WMAP observes temperature differences between points separated by ~141° on the sky. Maps of the relative sky temperature are reconstructed from the difference data using a modified form of the algorithm adopted by COBE-DMR.

The algorithm WMAP uses to reconstruct sky maps from differential data is an iterative one. In the limit that the instrument noise is white (uncorrelated from one sample to the next in time) the algorithm is mathematically equivalent to a least squares fit of a set of temperature differences to a set of map pixel temperatures. However, the implementation does not require the evaluation or inversion of large matrices and has a very intuitive interpretation as follows. The actual signal WMAP measures is the temperature difference between two points on the sky, DT = T(A)-T(B), where T(A) is the temperature seen by feed A, and likewise for B. Feed A can be thought of as viewing the sky while feed B can be thought of as viewing a comparative reference signal, or vice versa. In WMAP's case, the comparative signal is a different point in the sky. If we knew the temperature T(B) we could recover T(A) using T(A) = DT+T(B), but since we don't know T(B), we use a guess in which T(B) is estimated from a previous sky map iteration. Thus the temperature in pixel i of a map is given by the average of all observations of pixel i after correcting each observation for the estimated signal seen by the opposite feed.

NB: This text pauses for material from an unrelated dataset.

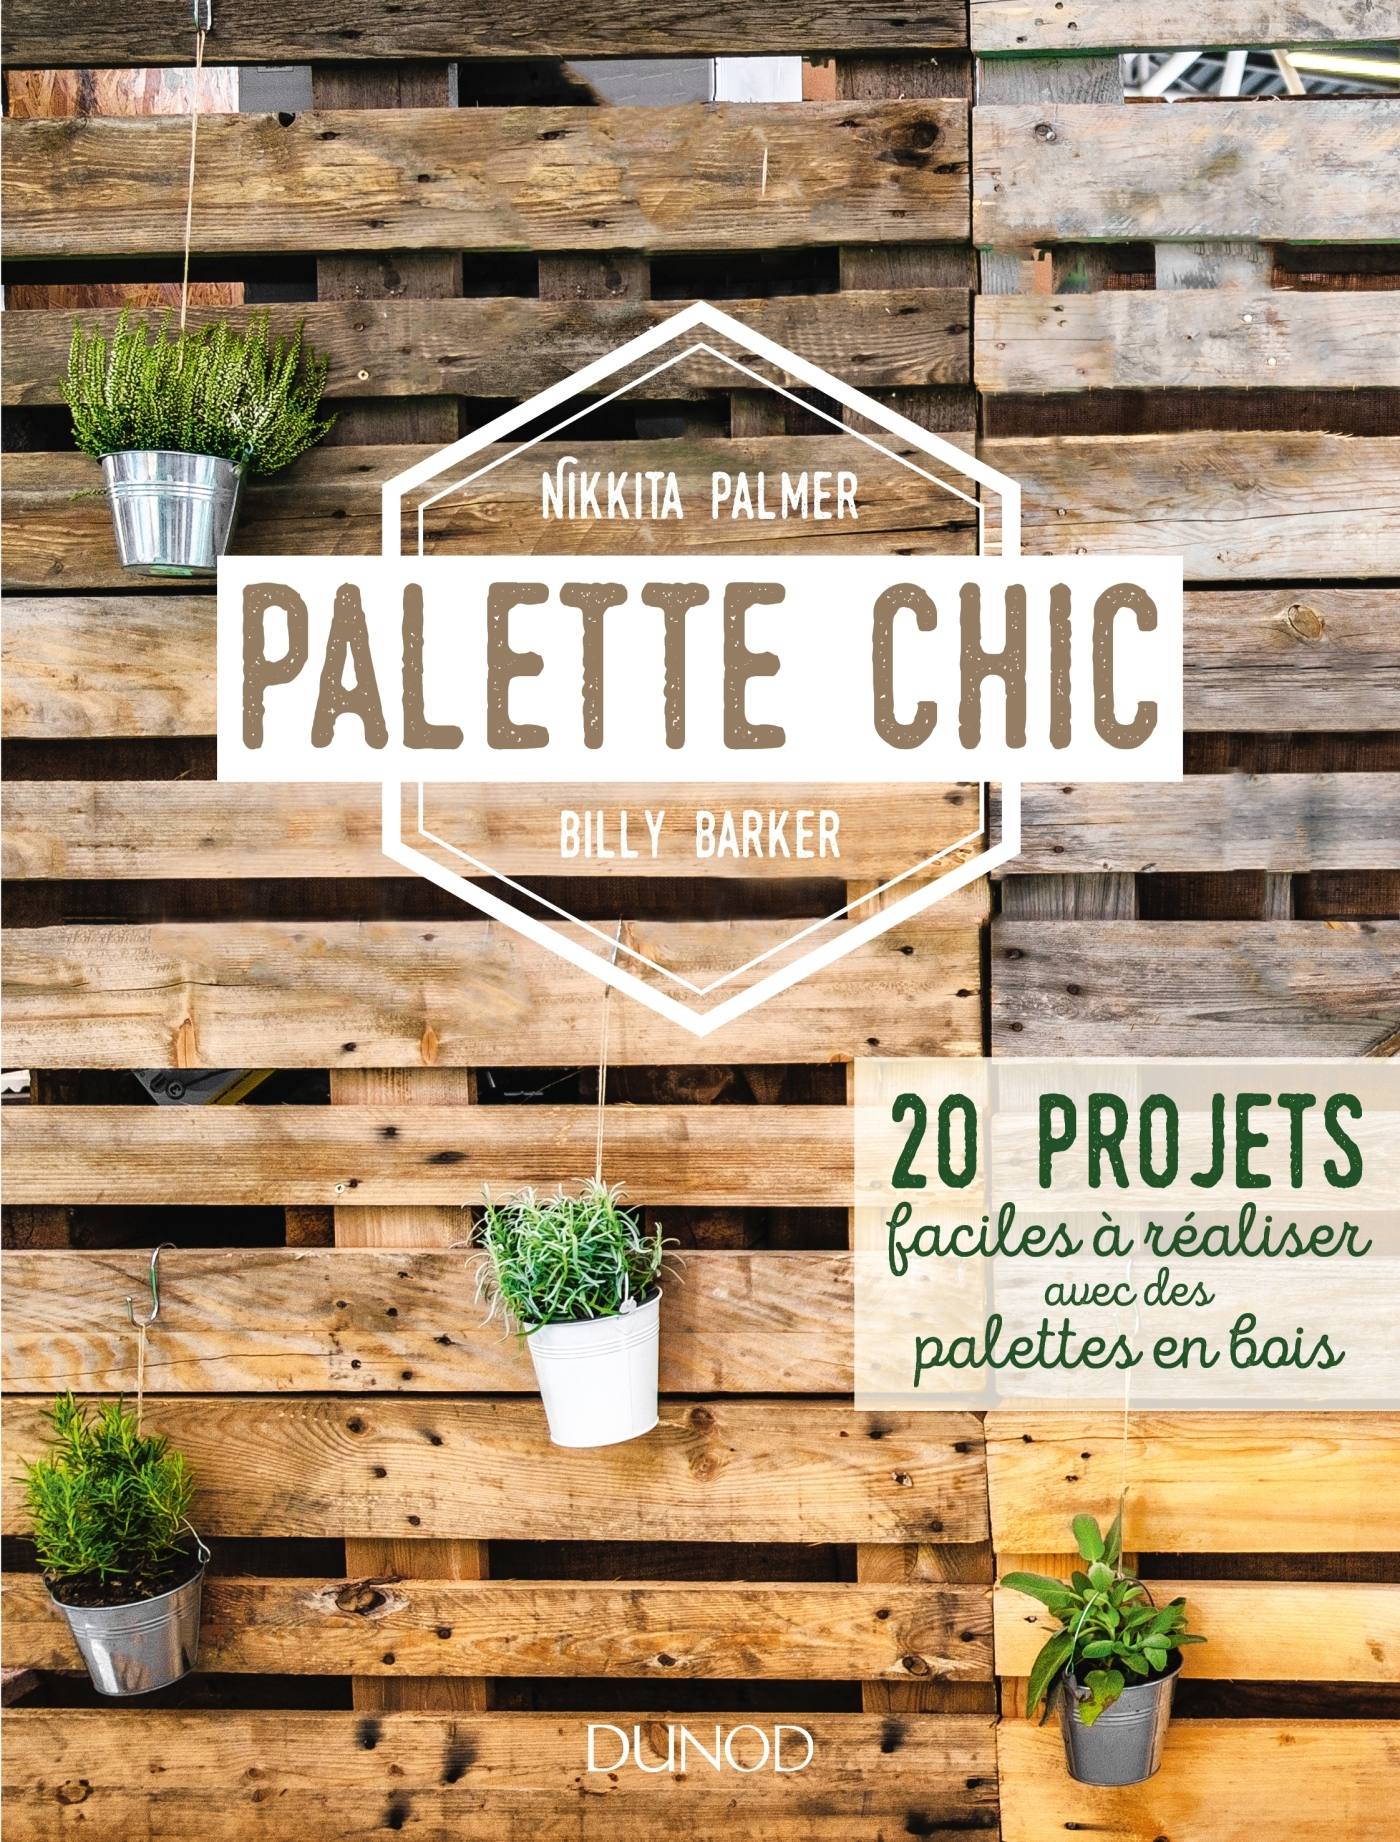 PALETTE CHIC - 20 PROJETS FACILES A REALISER AVEC DES PALETTES EN BOIS

For this scheme to be successful it is imperative for a given pixel i to be observed with many different pixels on its ring of neighbors. Thus the method requires a carefully designed scan strategy to go with it. The strategy designed for WMAP achieves this while simultaneously avoiding close encounters with the Sun, Earth, and Moon. The algorithm has been tested with the WMAP scan strategy using an end-to-end mission simulation that incorporates a realistic sky signal, instrument noise, and calibration methods. The results of these simulations are described in detail in an Astrophysical Journal article. The main figure from that paper is reproduced here. After 40 iterations of the algorithm, the artifacts that remain in the map due to the map-making itself have a peak-peak amplitude of less than 0.2 µK, even in the presence of Galactic features with a peak brightness in excess of 60 mK.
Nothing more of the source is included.